Things take longer…

… in Texas. Or so it seems. I don’t know if it’s just me. It could just be God. It could be Texas.

I’m one of those people who likes for things just to be done. If something needs to be done, do it. Why wait? I have enough of a Type A personality that if God says to do something, then I do it. If you get it done now, you don’t have to worry about it later.

Maybe God acts different out here. Maybe this is a time in my life that he’s working on a different part of me with different tools. Maybe He’s giving me more of a head-up then before. “Hey, do this. But not now. I’ll tell you when.”

And it could be Texas too. There is much more of a culture of waiting on God here, or at least in the circles I run in. The church I’ve been attending has been building a church for 10 years. To me that seems like a really long time to building a church. But they have been happily doing it (Though now since they are so close to getting in the excitement has been building and everyone “can’t wait” to get in there. Think Christmas Eve style impatience).

And today at church, the speaker (this guy) spoke and it was just what I’ve been hearing and learning. (Another aside: It used to be that Church would bring something to my attention, then I’d have to deal with it during the week, but since being here, I would be dealing with something, God will tell me about it and how to fix it, then Church would just confirm it. It’s been different. Pretty cool but different). What I’ve been learning lately is that long term vision will defeat stress and anxiety.

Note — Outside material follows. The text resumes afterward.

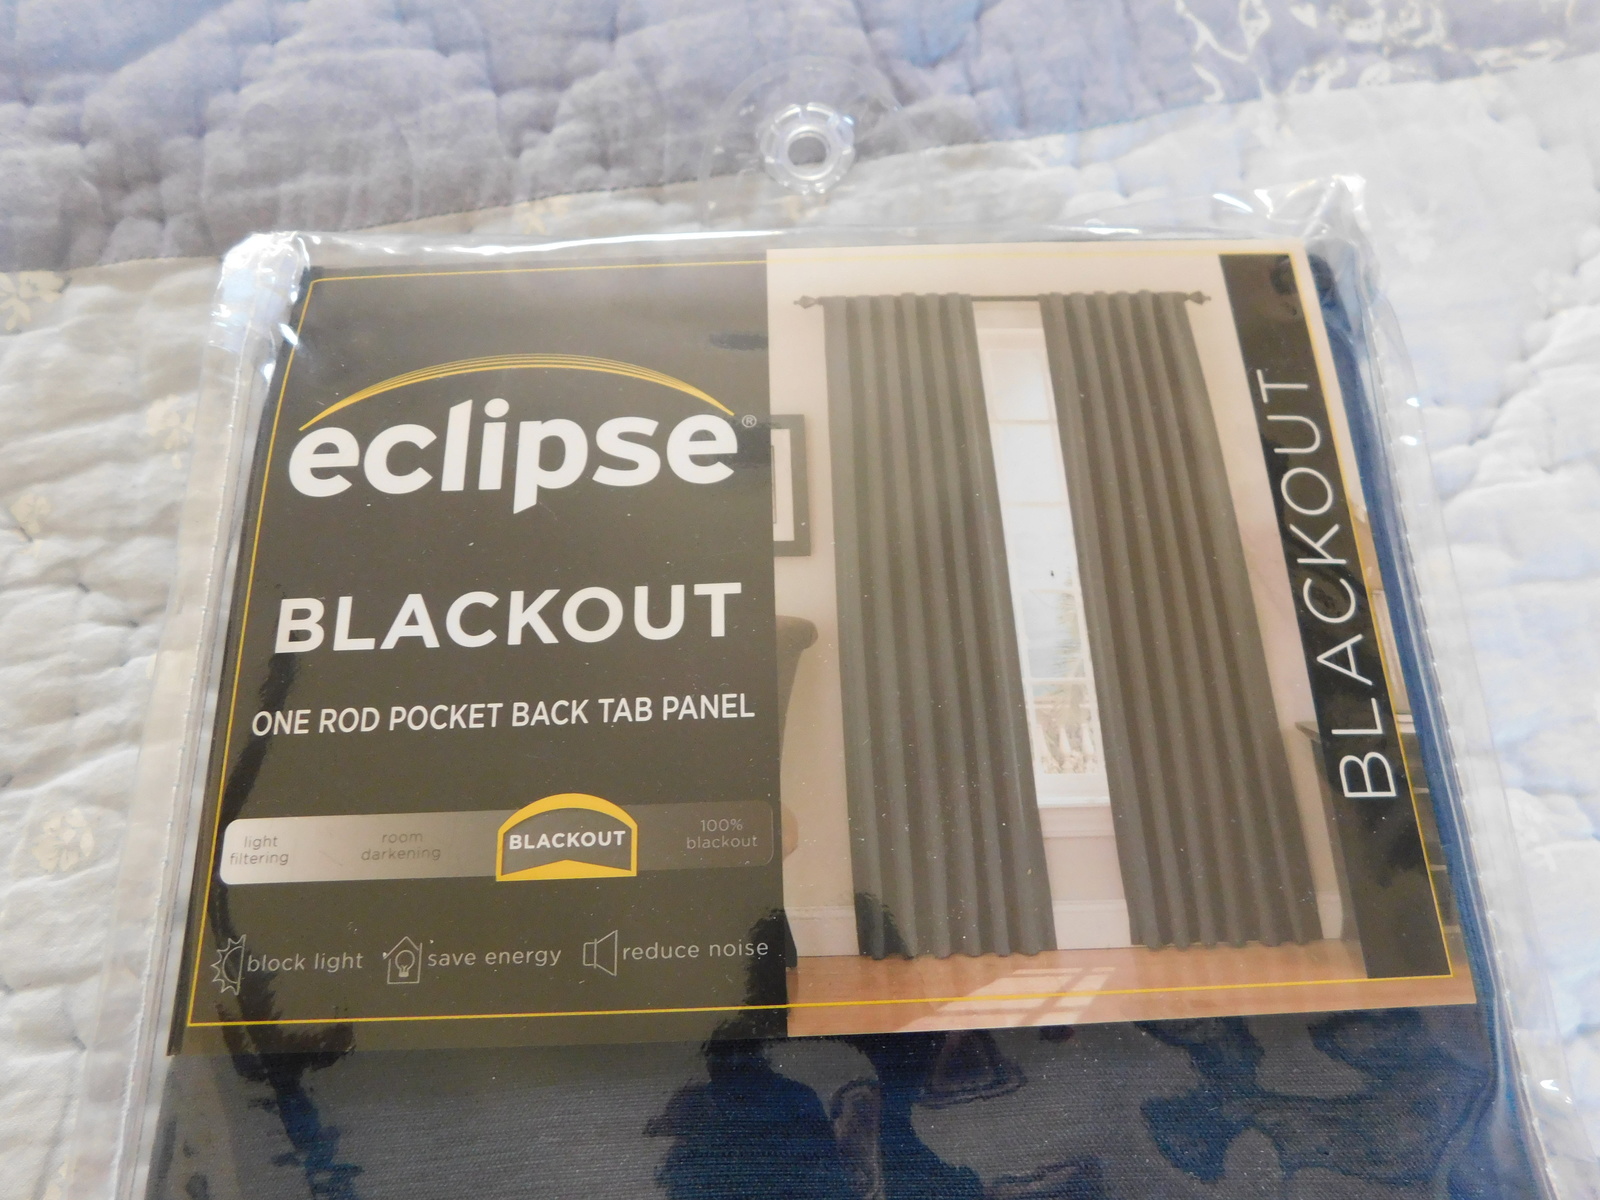 Eclipse blackout curtains, set of 6 individual panels, each panel 52"x95"  - $170.00

Think of it this way. If you know that you are going to do something, and you know that God said that you are going to do something, why should it stress you out? Didn’t God say it? It’s like a problem gets you so focused on what’s not happening, or this thing that is happening, that your start thinking in your own strength. I need to do X to make Y happen, I need Z to happen before I can do W. I can’t see a way how to do X or make Z happen. What ends up happening is that I find my thoughts and mind just forgets about God. Everything ends up being about my strength and my might. And God tends not to give tasks or vision that you can do on your own.

Here’s a quote from a wise man:
“It’s the process. If you’re in a hurry you’ll not celebrate the process. The end suddenly is not what you need, it’s the process. if you don’t value process, you won’t experience the end suddenly.”

And that’s what I’m thinking about and living.